Thanks for the ping @costdev - I'll examine this. I thought we caught this early on before 6.2, and we solved it not by adjusting the index (something done to help avoid infinite loops), but by checking if the indices are valid numbers before using them.

@dmsnell
5 months ago

#6 @dmsnell
5 months ago

I've uploaded a new patch with the fix that checks the index before use and adds a number of other tests to the suite. Without the patch to the tag processor the <iframe src="… fails, but with the patch it succeeds.

Not sure how we missed this because it's the exact same kind of situation that we found on WordPress.com before the merge (and we fixed it), but I reviewed the other existing uses of strpos() and it looks like they are all guarded.

@dlh I've uploaded this patch because your PR is on your own git fork, which is fine, but I can't push to it. If you want you can adopt it in the PR.

#7 @dlh
5 months ago

  • Keywords has-patch added; needs-patch dev-feedback removed

Thanks, @costdev and @dmsnell! I've updated my PR with 58637.patch.

#8 @dlh
5 months ago

@dmsnell Would it be OK with you if I added this ticket to the 6.4 milestone?

#9 follow-up: @dmsnell
5 months ago

@dlh not only that, but I think it's fair to ask someone about adding this into 6.3 as a bug fix, because it is a real bug and this is a pointed bug fix.
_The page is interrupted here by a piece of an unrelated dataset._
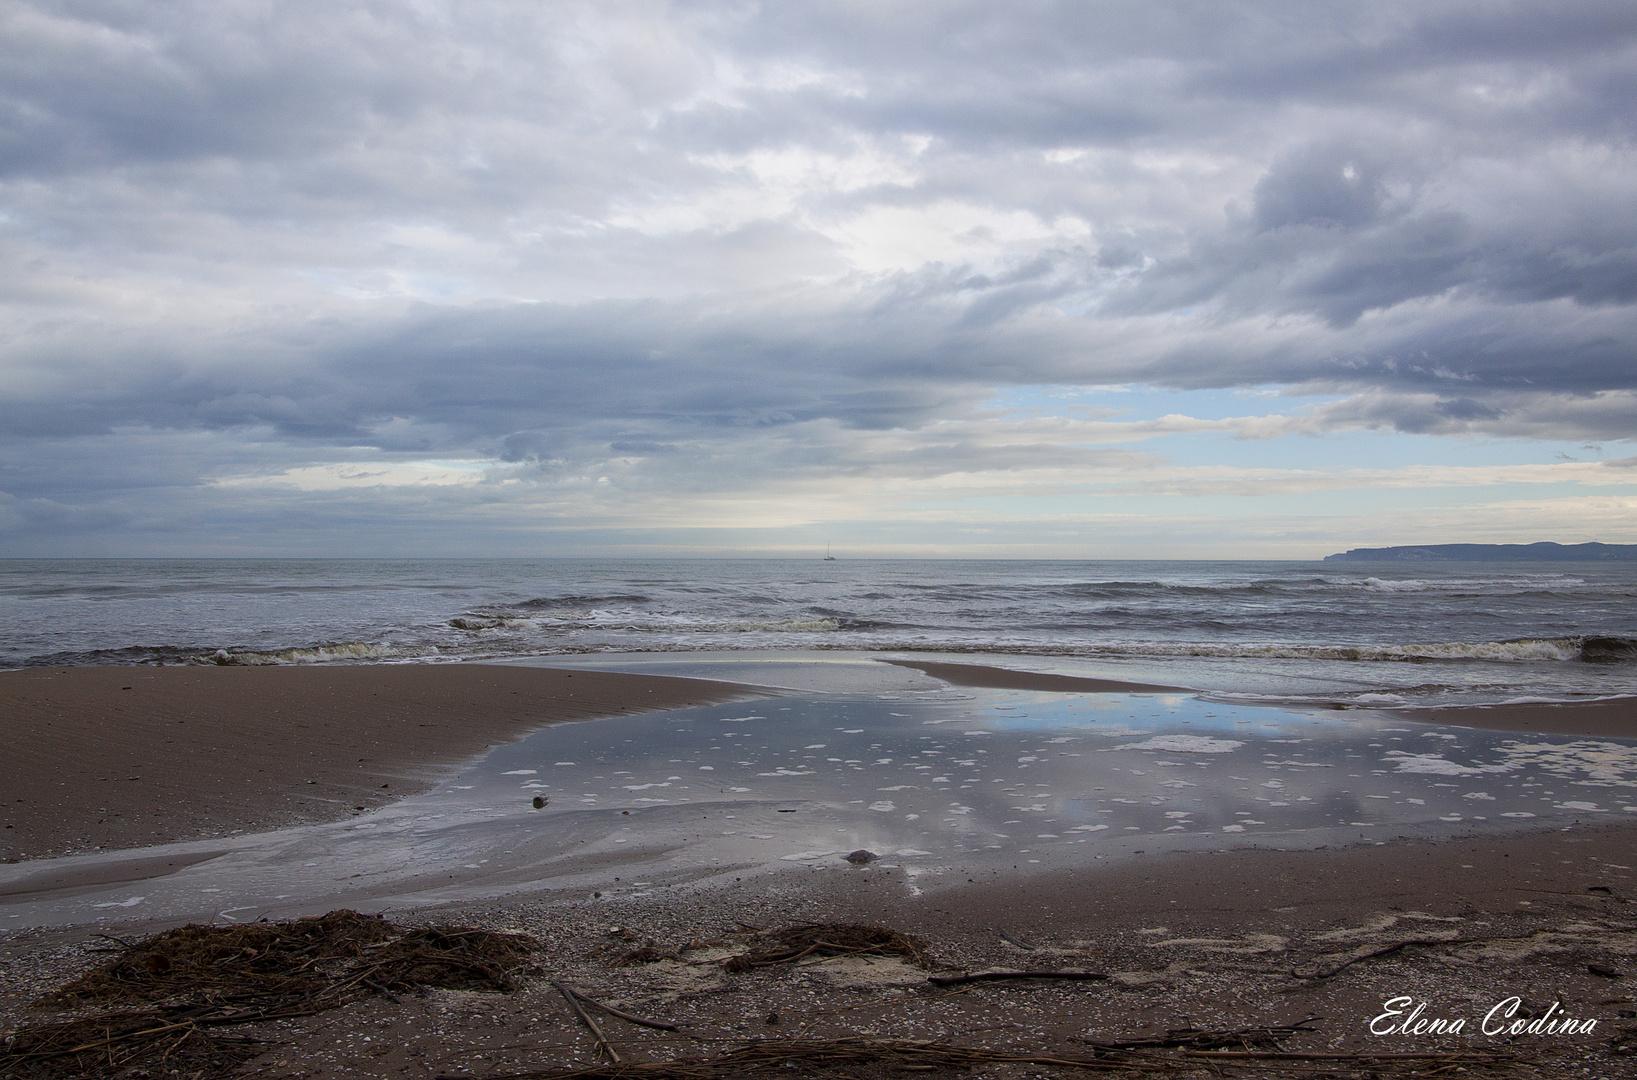 Un día triste en el mar

@bernhard-reiter @azaozz thoughts here? if you're catching up, I'm sorry and not sure how we missed this one since it's essentially a replay of what we saw on WordPress.com before it was merged into Core, but I think this was the only place where such an oversight was made, or at least, on inspection this is the only place where we weren't checking for index-out-of-bounds before calling strpos() (that is, after that earlier fix months ago).

#10 in reply to: ↑ 9 @azaozz
5 months ago

  • Milestone changed from Awaiting Review to 6.3

Replying to dmsnell:

Sure. It's a bugfix with a patch that fixes a (very?) rare fatal error. The patch looks good here, will test a bit more and commit.

#11 @azaozz
5 months ago

  • Owner set to azaozz
  • Resolution set to fixed
  • Status changed from new to closed

In 56133:

HTML API: Fix a fatal error when processing malformed document with unclosed attribute.

Props: dlh, costdev, dmsnell.
Fixes: #58637.

#13 @dmsnell
5 months ago

Thank you all!

Note: See TracTickets for help on using tickets.